The evolutionary co-option tale may be set for a fall, because “it remains unclear how common this mode of TE-mediated regulatory network evolution is.” Design advocates could look at this data with non-Darwinian assumptions and conclude, with Paul Nelson, “If it works, it’s not happening by accident.”
Non-Coding DNA Solution Proposed
A review essay in BioEssays by Giorgio Bernardi has the intriguing title, “The Genomic Code: A Pervasive Encoding/Molding of Chromatin Structures and a Solution of the ‘Non‐Coding DNA’ Mystery.” The solution? Much of the non-coding DNA is involved in creating the architectural structure that the coding regions require in order to be accessible. They build the “LADs” (lamina-associated domains) that connect to the nuclear envelope, and the “TADs” (topologically-associated domains) that create boundaries in the genome. This may help explain the mystery of GC-rich parts of the genome that are characterized by vast numbers of guanine/cytosine links in the double helix. Bernardi says:
the genomic code, which is responsible for the pervasive encoding and molding of primary chromatin domains (LADs and primary TADs, namely the “gene spaces”/”spatial compartments”) resolves the longstanding problems of “non‐coding DNA,” “junk DNA,” and “selfish DNA” leading to a new vision of the genome as shaped by DNA sequences.
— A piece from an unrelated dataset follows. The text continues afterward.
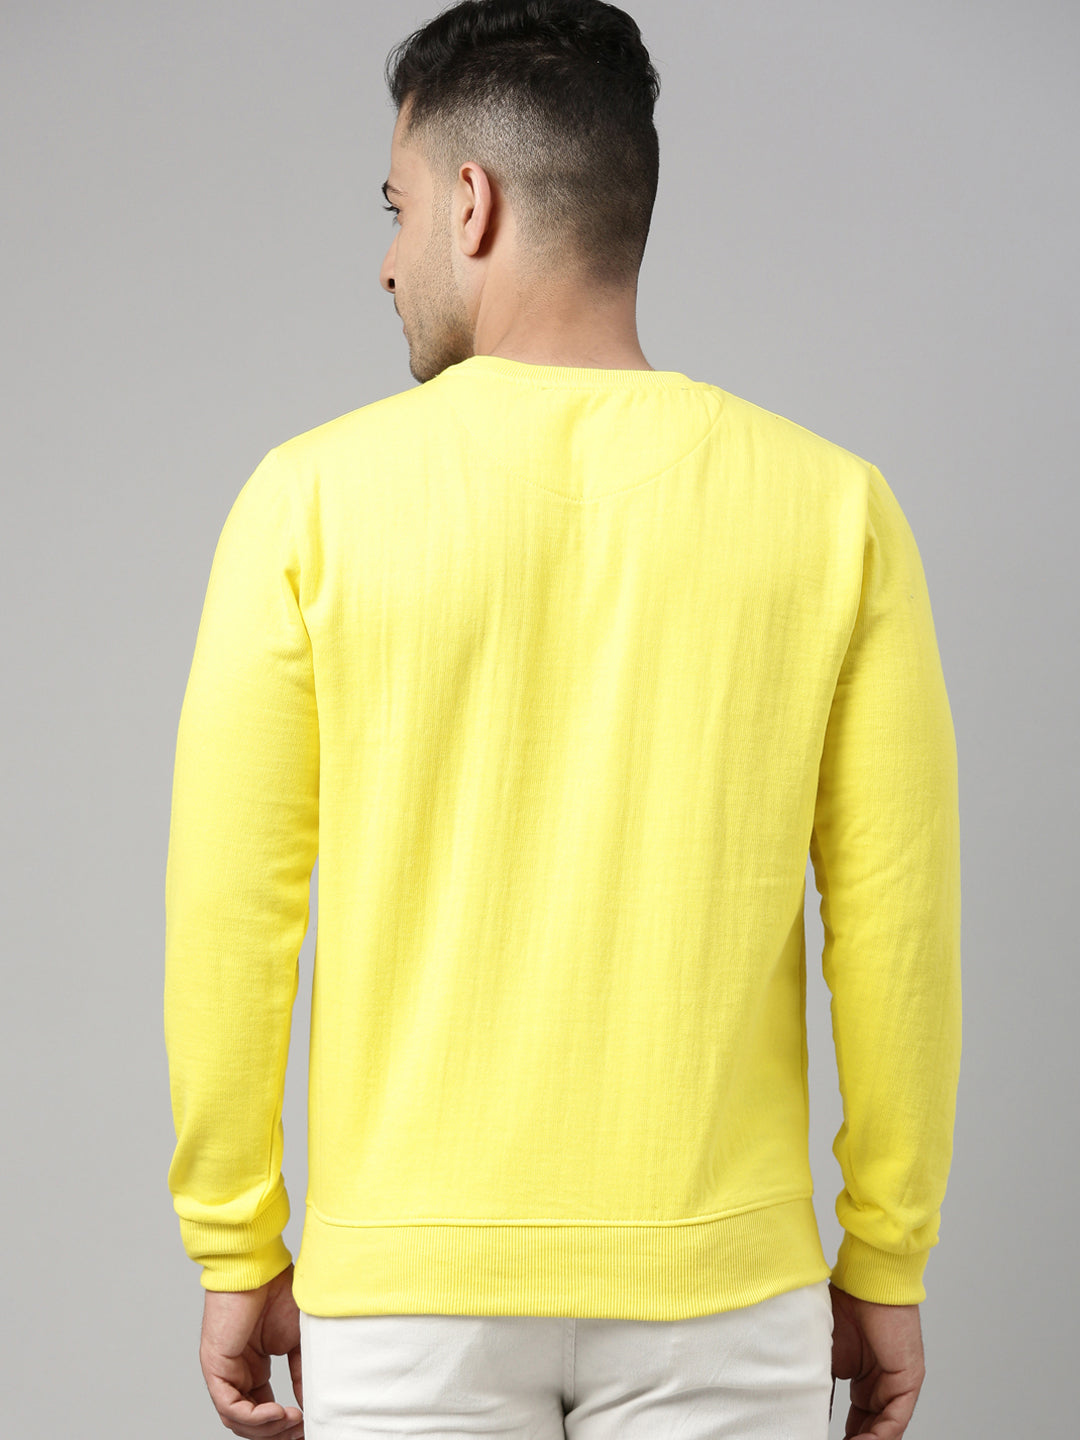 Neon Yellow Solid Sweatshirt Sweatshirt Bushirt

Bernardi revels in the succeeding waves of discovery that untied the “mystery” of non-coding DNA. What were these long, repetitive sequences, called isochores, doing? Why were they there? It took 66 years, but Bernardi seems pleased that molecular biology has finally arrived at a “complete picture of the genomic code, including the crucial connection with gene spaces/spatial compartments that the genes rely on for their function.” Junk DNA thereby has been promoted from a parasitic burden to an essential part of the genome.
Three main explanations were put forward for the existence of non‐coding DNA, a problem deserving of the term “mystery,” given that it had withstood 50 years of probing. Ohno, mostly focusing on pseudo‐genes, proposed that non‐coding DNA was “junk DNA.” Doolittle and Sapienza and Orgel and Crick suggested the idea of “selfish DNA,” mainly involving transposons visualized as molecular parasites rather than having an adaptive function for their hosts. In contrast, the ENCODE project claimed that the majority (≈80%) of the genome participated “in at least one biochemical RNA‐ and/or chromatin‐associated event in at least one cell type.” This claim, however, was rejected, mainly because of the loose definition of “functional” elements, in favor of the view that “junk DNA” or “selfish DNA” correspond to 80-95% of the human genome.
At first sight, the pervasive involvement of isochores in the formation of chromatin domains and spatial compartments seems to leave little or no room for “junk” or “selfish” DNA. However, one should now consider that coding sequences are compositionally correlated with the isochores in which they are located (the compositional constraints of the latter depending upon the need to encode/mold chromatin structures as already mentioned) and yet they are expressed. This indicates that there is no problem for transposons to be, on the one hand, compositionally correlated with the “host” isochores, and on the other, to be active. Needless to say, this view also leads to an understanding of the “overlapping” transcription of long non‐coding RNAs that originate from the majority of DNA sequences and that plays important roles.
Let the evolutionists relegate their selfish/junk terminology to the dustbin of history. Anything with an important role is not junk. ID advocates predicted that the vast non-coding portions of DNA would prove to be functional, and they were right.